Анонимный автор первого обозрения в «Отечественных записках», содержавшего выпады против Чернышевского, не скрывает, что его неприятно поразило нарушение идиллического покоя, царившего до сих пор в критических отделах журналов: «В последнее время в отзывах наших журналов о разных писателях привыкли мы встречать тон умеренный, хладнокровный; если же и читали подчас приговоры несправедливые, по нашему мнению, то самый тон статей, чуждый всякой запальчивости, обезоруживал нас».
Но вот в эту атмосферу вялого благодушия, тишины и покоя резким диссонансом ворвался вдруг смелый и живой голос, в котором ясно различимы ноты сарказма и гнева.
Чернышевскому не нужны уклончивые и позолоченные фразы, затемняющие существо дела. Ему чуждо слепое поклонение авторитетам и известностям. Он не хочет повторять одни и те же стереотипные фразы о том или ином писателе «от самого его отрочества до самой его дряхлости». «Русская критика, – заявляет он, – не должна быть похожа на щепетильную, тонкую, уклончивую и пустую критику французских фельетонов; эта уклончивость и мелочность не во вкусе русской публики, нейдет к живым и ясным убеждениям, которых требует совершенно справедливо от критики наша публика».

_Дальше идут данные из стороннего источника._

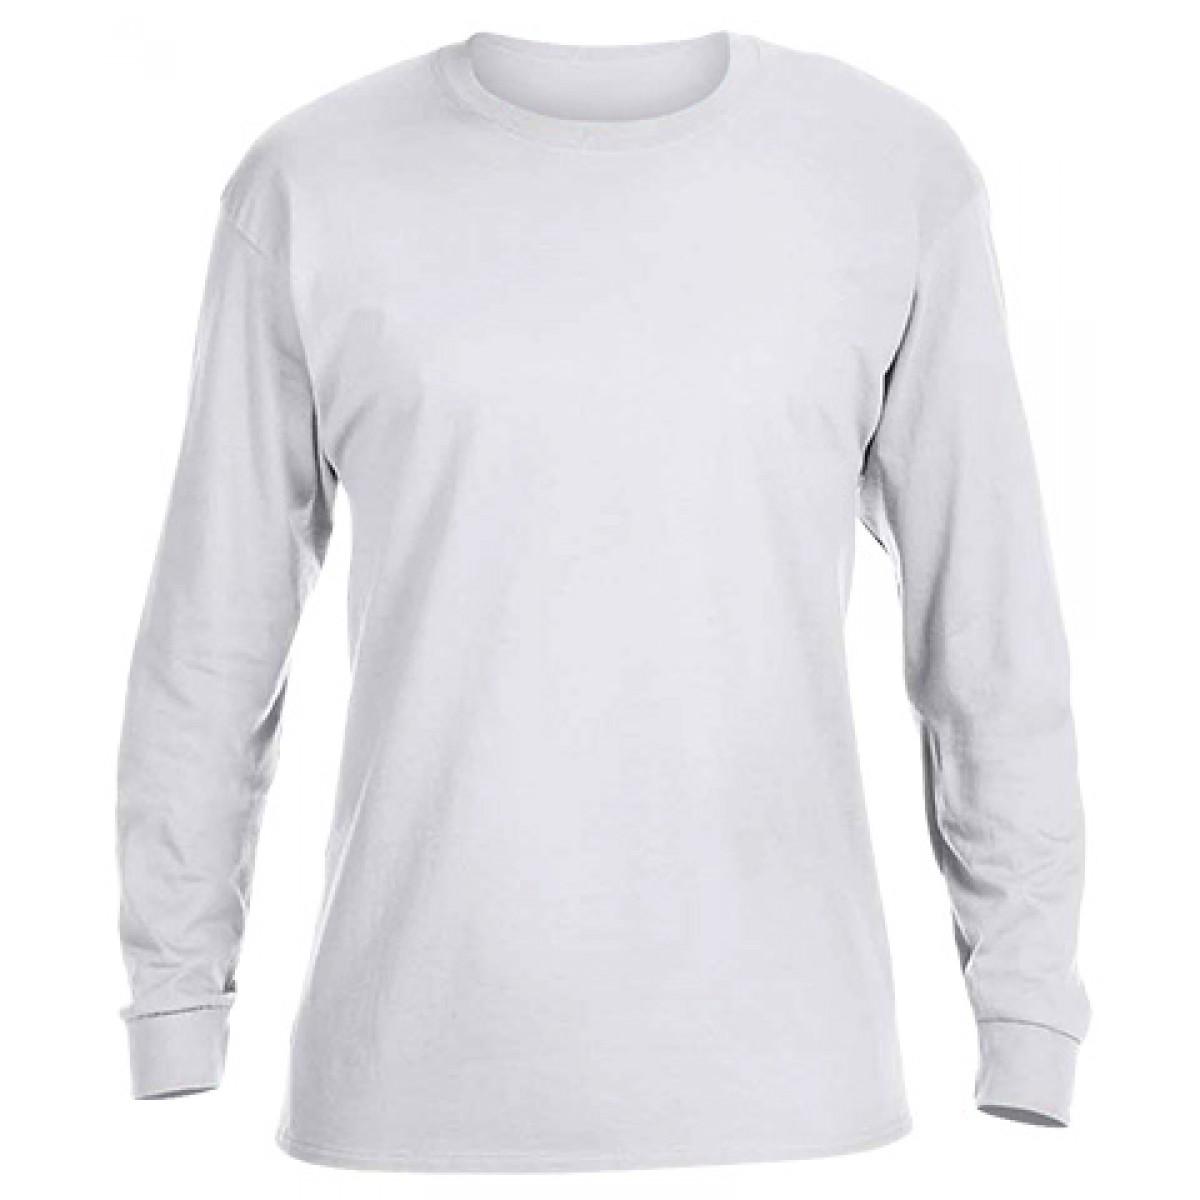 Ultra Cotton Long-Sleeve T-Shirts

И вот, хотя произведения Евгении Тур получили некоторую известность (после того как И.С. Тургенев снисходительно и сдержанно похвалил их в «Современнике»), новый ее роман из великосветского быта «Три поры жизни», лишенный какого бы то ни было общезначимого содержания, Чернышевский, не обинуясь, называет натянутым, аффектированным, пустым и никому не интересным.
И вот хотя «Вариньку» М. Авдеева относили несколько лет тому назад в том же «Современнике» к числу «замечательных явлений литературы» и ставили в одном ряду с «Записками охотника», новые повести этого писателя настолько далеки от насущных вопросов современности, настолько легковесны и внутренне ложны, что Чернышевский, не обинуясь, бросает автору обвинение в постыдной лакировке действительности, в подкрашивании помещичьего быта розовой водицей сентиментализма. «Что за странность! – восклицает он. – Все это мило, но все это будто бы неправда, будто бы не клеится, будто бы,
Что за странность? Что-то не так! Грациозная песенка оказывается нескладицею! Виноваты, виноваты! Мы вздумали про сову пропеть то, что можно пропеть толыко о ласточке!

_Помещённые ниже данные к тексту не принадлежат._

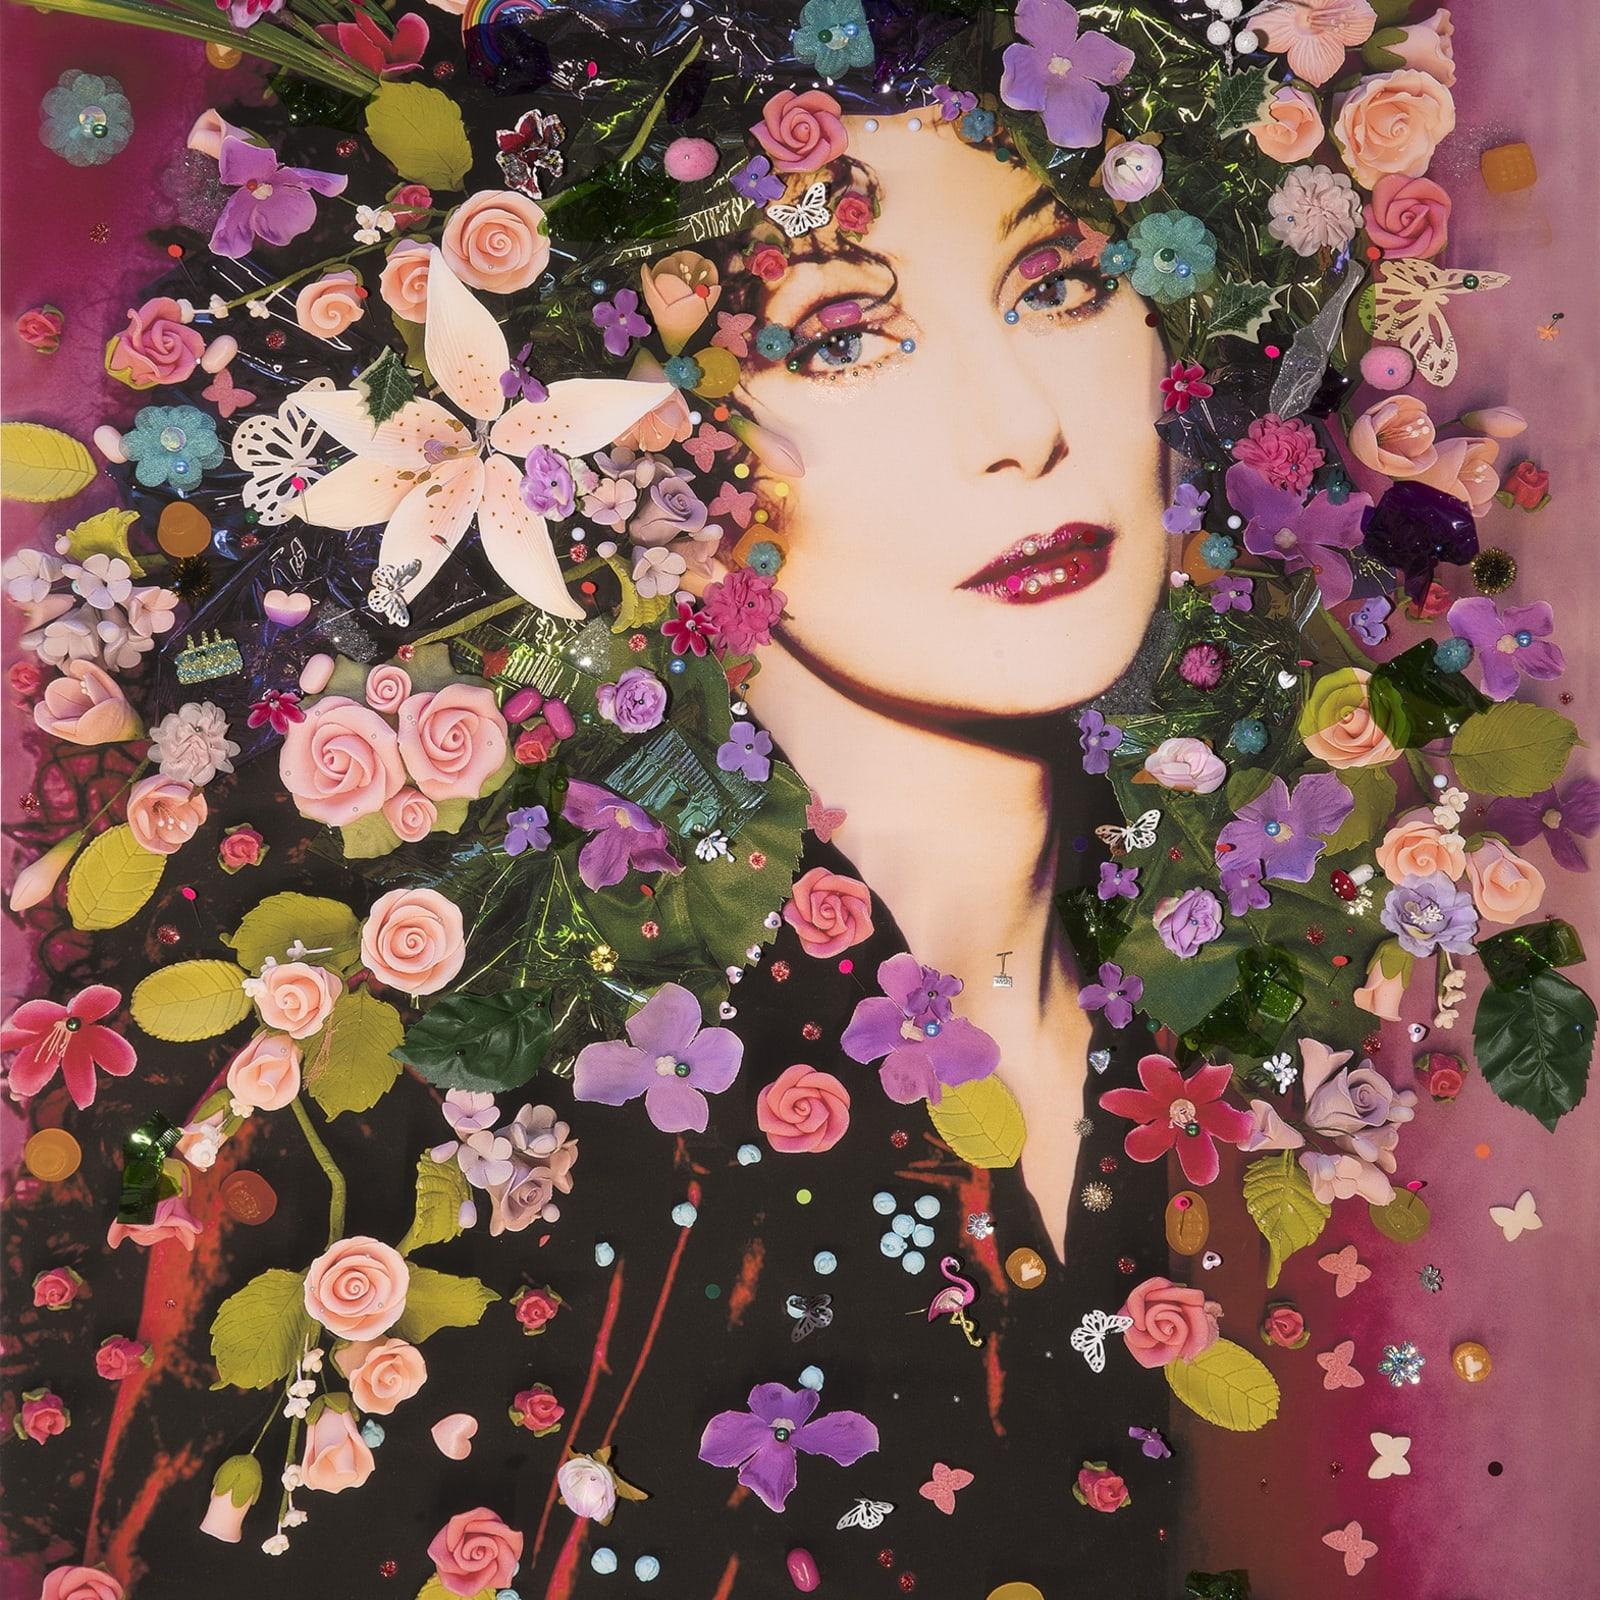 Cher - Meta-Portrait

Г. Авдеев хотел в «Ясных днях» опоэтизировать, идеализировать всё и всех в избранном им для идиллии кругу. Но дело известное, что не всякий кружок, не всякий образ жизни может быть идеализирован в своей истине. Трудно идеализировать бессмыслие и дрязги… Г. Авдеев говорит нам: полюбуйтесь на всех выводимых мною людей всецело, во всей обстановке, полюбите их жизнь; посмотрите, какая светлая, чистая, славная эта жизнь! Посмотрим же, что это за люди и какова их жизнь! Идут ли к ней розовые краски? Не будем даже рассматривать, прикрашивает или нет он своих милых идиллических любимцев; возьмем их такими, какими он их выводит нам на аркадский лужок… Может быть, эти голуби, в сущности, вовсе не голуби, а просто-напросто осовевшие под розовыми красками коршуны и сороки; может быть, от этих сов плохо приходится очень многим, потому что тунеядцы должны же кого-нибудь объедать…»
Трудно было с большею ясностью в подцензурном журнале обвинить писателя в идеализации паразитического времяпрепровождения людей помещичьего круга.
Евгения Тур и Михаил Авдеев были третьестепенными писателями. Но и об ошибках первоклассных художников-мастеров Чернышевский писал с присущей ему прямотой и последовательностью, которую он понимал вовсе не так, как рекомендовал ему понимать ее безыменный критик «Отечественных записок». Чернышевский отказывался ратовать за худшее только из привязанности к именам. «Если хочешь быть последовательным, – писал он, – то смотри исключительно только на достоинство произведения и не стесняйся тем, хорошими или дурными находил ты прежде произведения того же самого автора; потому что одинаковы вещи бывают по существенному своему качеству, а не по клейму, наложенному на них».